Several Bragg reflections that match the 125Te resonance energy (E = 35.49 keV) are presented in Table 1[link]. Among them we have chosen the (9 1 [\overline{10}] 68) reflection which has the smallest angle relative to the (0 0 0 1) direction and the smallest (~1 mm) crystal thickness along the beam. The nuclear resonance signal of 125Te has been observed at 219.5 (1) K, which corresponds to an energy of 35.4920 (5) keV. Previous measurements with the same reflection report a resonance temperature of 218 K (Imai et al., 2007[Imai, Y., Yoda, Y., Kitao, S., Masuda, R., Higashitaniguchi, S., Inaba, C. & Seto, M. (2007). Proc. SPIE, 6705, 670512.]) which is 1.5 K below our result. This discrepancy could be due to the heat load effect, which will be discussed later.

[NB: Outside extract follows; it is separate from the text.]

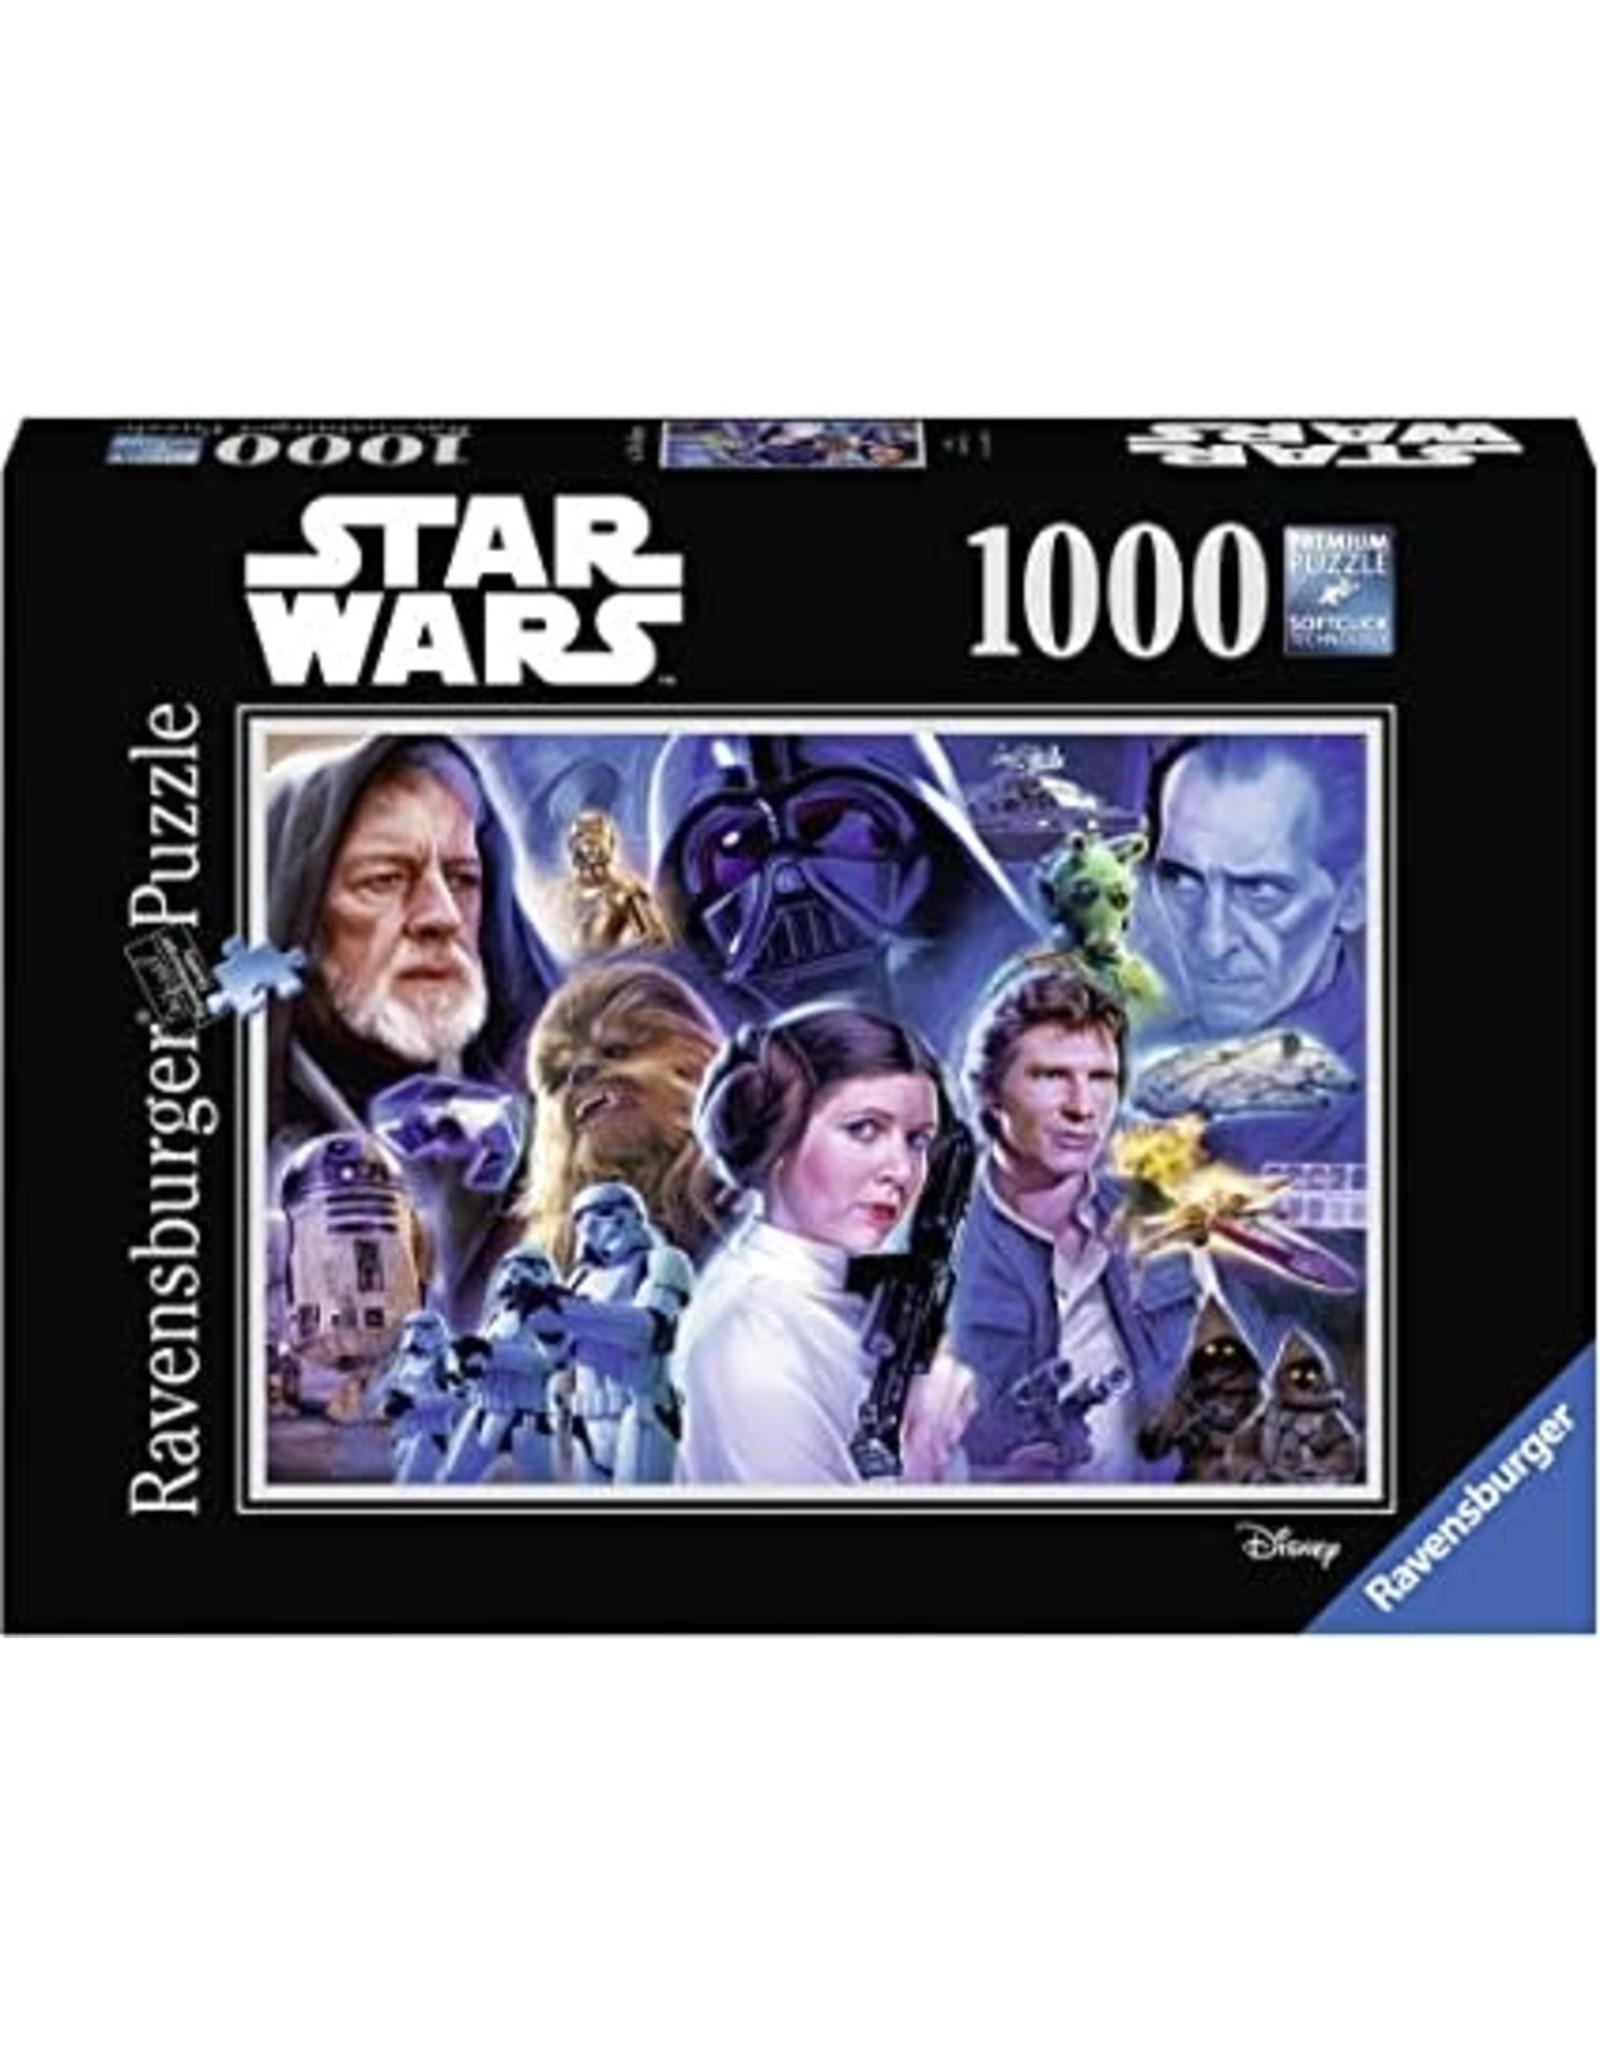 Ravensburger 1000 pcs. Star Wars Collection 1 Puzzle

The measured instrumental function shown in Fig. 3(b)[link] has an energy bandwidth (FWHM) of 1.1 meV and a spectral efficiency of 16%. The total flux after the BSM was about 7.5 × 107 photons s-1. This energy resolution is still twice as worse as the theoretical one, but it is the best experimentally observed resolution in the 35-40 keV energy range. We have measured the nuclear inelastic scattering on elemental Te with 93% 125Te enrichment. The spectrum was obtained within 2 h and the derived phonon density of states are shown in Fig. 3(b)[link].

4.3. Nuclear resonances at 21-24 keV

The efficiency of our HRM has also been tested with nuclear resonances located in the 21-24 keV energy range: 119Sn at 23.88 keV, 149Sm at 22.50 keV and 151Eu at 21.54 keV. The reflections for each energy (see Table 2[link]) have been chosen to have the smallest thickness of the crystal along the beam. The temperatures (energies) where resonance signals have been observed agree well with the values previously reported (Kikuta, 1994[Kikuta, S. (1994). Hyperfine Interact. 90, 335-349.]; Koyama et al., 1996[Koyama, I., Yoda, Y., Zhang, X., Ando, M. & Kikuta, S. (1996). Jpn. J. Appl. Phys. 35, 6297-6300.]; Leupold et al., 1996[Leupold, O., Pollmann, J., Gerdau, E., Rüter, H. D., Faigel, G., Tegze, M., Bortel, G., Rüffer, R., Chumakov, A. I. & Baron, A. Q. R. (1996). Europhys. Lett. 35, 671-675.]; Shvyd'ko et al., 2002[Shvyd'ko, Y. V., Lucht, M., Gerdau, E., Lerche, M., Alp, E. E., Sturhahn, W., Sutter, J. & Toellner, T. S. (2002). J. Synchrotron Rad. 9, 17-23.]).

For the 149Sm nuclear resonance we obtained an energy of 22.5015 (5) keV. This energy is close to the statistical average of the previously reported values of 22.494 (11) keV (Antman et al., 1970[Antman, S., Pettersson, H., Zehlev, Z. & Adam, I. (1970). Z. Phys. A, 237, 285-291.]) and 22.519 (8) keV (Meyer et al., 1982[Meyer, R. A., Meadows, J. W. T. & Macias, E. S. (1982). J. Phys. G, 8, 1413-1429.]) but has ten times better accuracy.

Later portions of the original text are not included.